Было страшно лететь, не разбирая дороги, без собак, без рога, в жарком, пропахшем смолой бору. От шума заложило уши, желтые еловые ветви норовили ударить в глаза, олень мелькал где-то впереди. О да, это была самая настоящая охота.
– Заходи сбоку! – кричала Беатрикс во все горло, но олень ускользал узкой тропкой меж тесно растущих стволов, и Ниссагль не мог обойти его, боясь расшибиться. Лошади злились. Впереди замелькал прогал. Ельник кончился. Подлесок захлестал по коленям, и они вынеслись в холмы где-то далеко-далеко от места охоты. Олень уходил влево. Теперь-то уж они обошли его с двух сторон, не давая свернуть ни вправо, ни влево. Он был так красив, что у Беатрикс захватило дух.
Мир сошелся клином на этом олене. Пена полетела с конских губ на траву. Погоня перерастала в свой апогей, и кто-то должен был сдаться.
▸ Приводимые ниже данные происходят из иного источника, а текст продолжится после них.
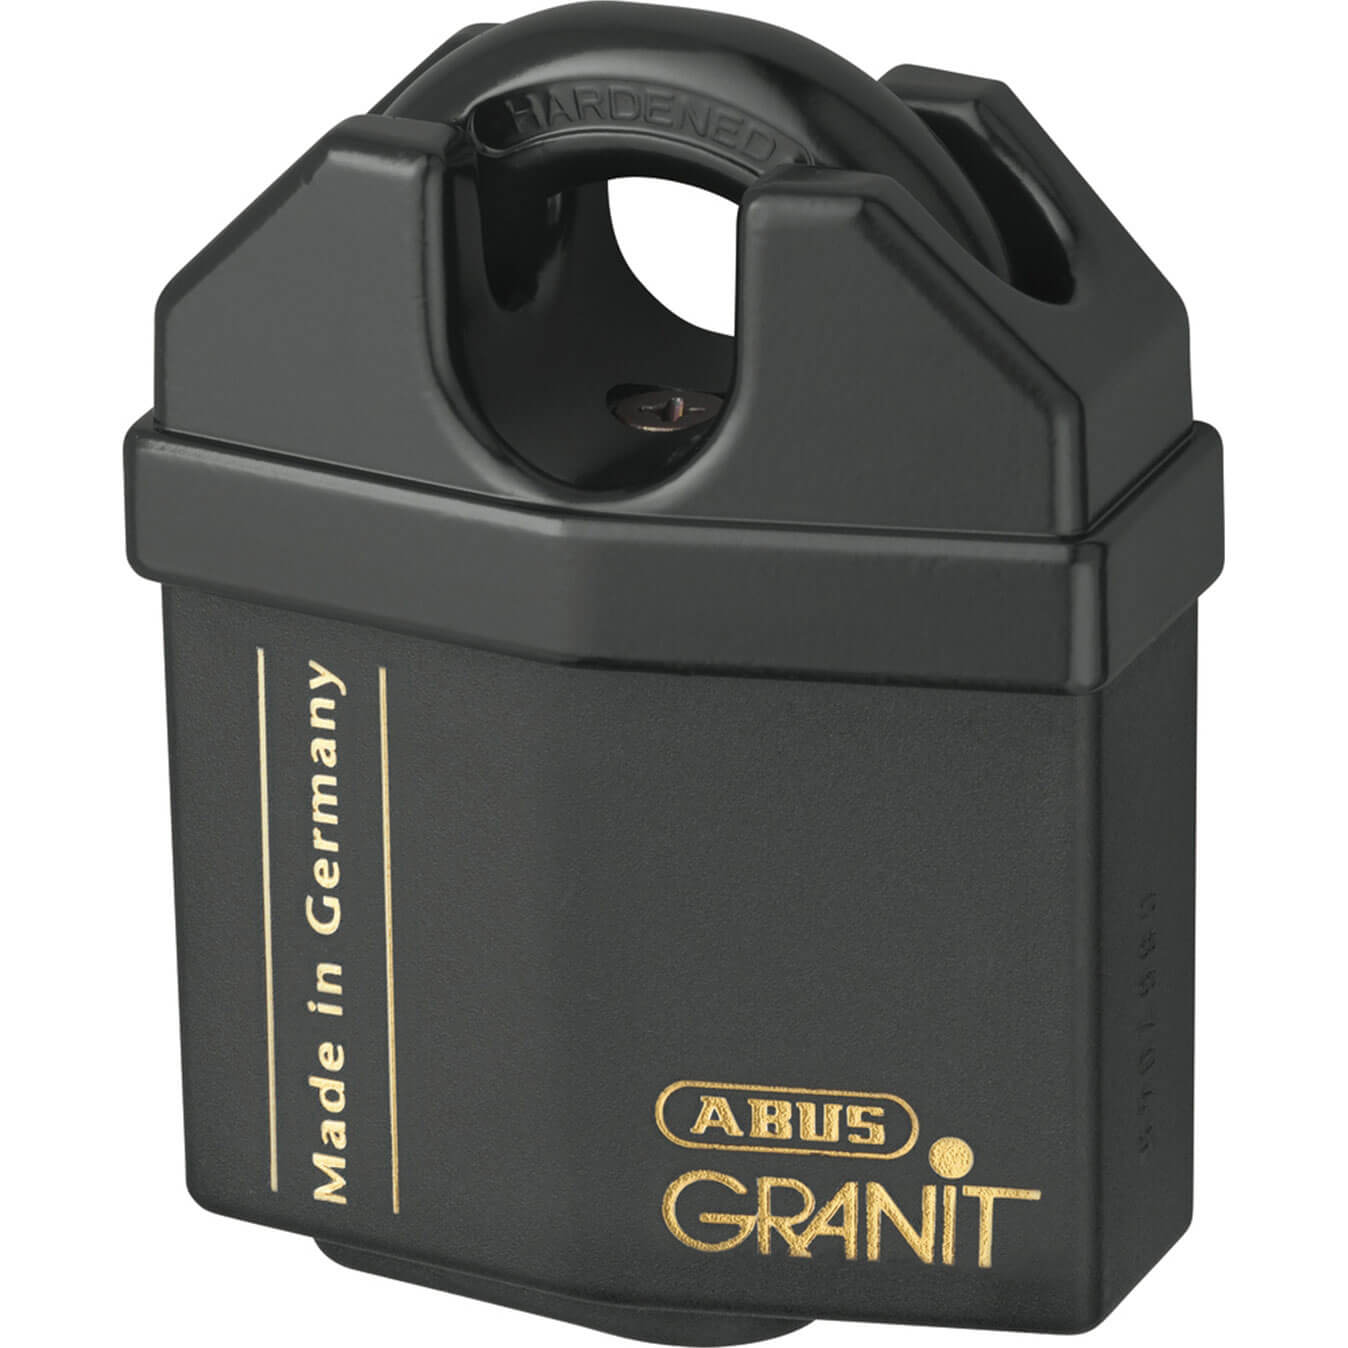 Abus 60mm 37 Series Granit Hardened Steel Padlock Rekeyable

О, только не она, только олень!
Слева снова раздался суматошный собачий лай, нестройные клики рога, крики. По спине оленя змеилась темная полоса взмокшей шерсти, скачки его стали тяжелее и ниже, иногда он почти распластывался над травой. Склон холма отлого сбегал куда-то вниз. Скоро впереди заалела щербатыми откосами Драконья борозда – овраг, огромный и жуткий.
Олень перемахнул через него без усилий. Ниссагль осадил коня, сторонясь перед королевой, разогнавшей лошадь для прыжка. Очумелый, утерявший чутье расстояния конь напружинился – бездна разверзлась под копытами…
… И начала заглатывать, со страшной медлительностью втягивая в себя. Беатрикс закричала, но уже не слышала собственного крика. Она падала, падала, падала, с высоты откоса летела на ссохшиеся темно-желтые комья осыпей, переворачиваясь вместе с лошадью на бок. Сокрушительный удар мгновенно лишил ее сознания.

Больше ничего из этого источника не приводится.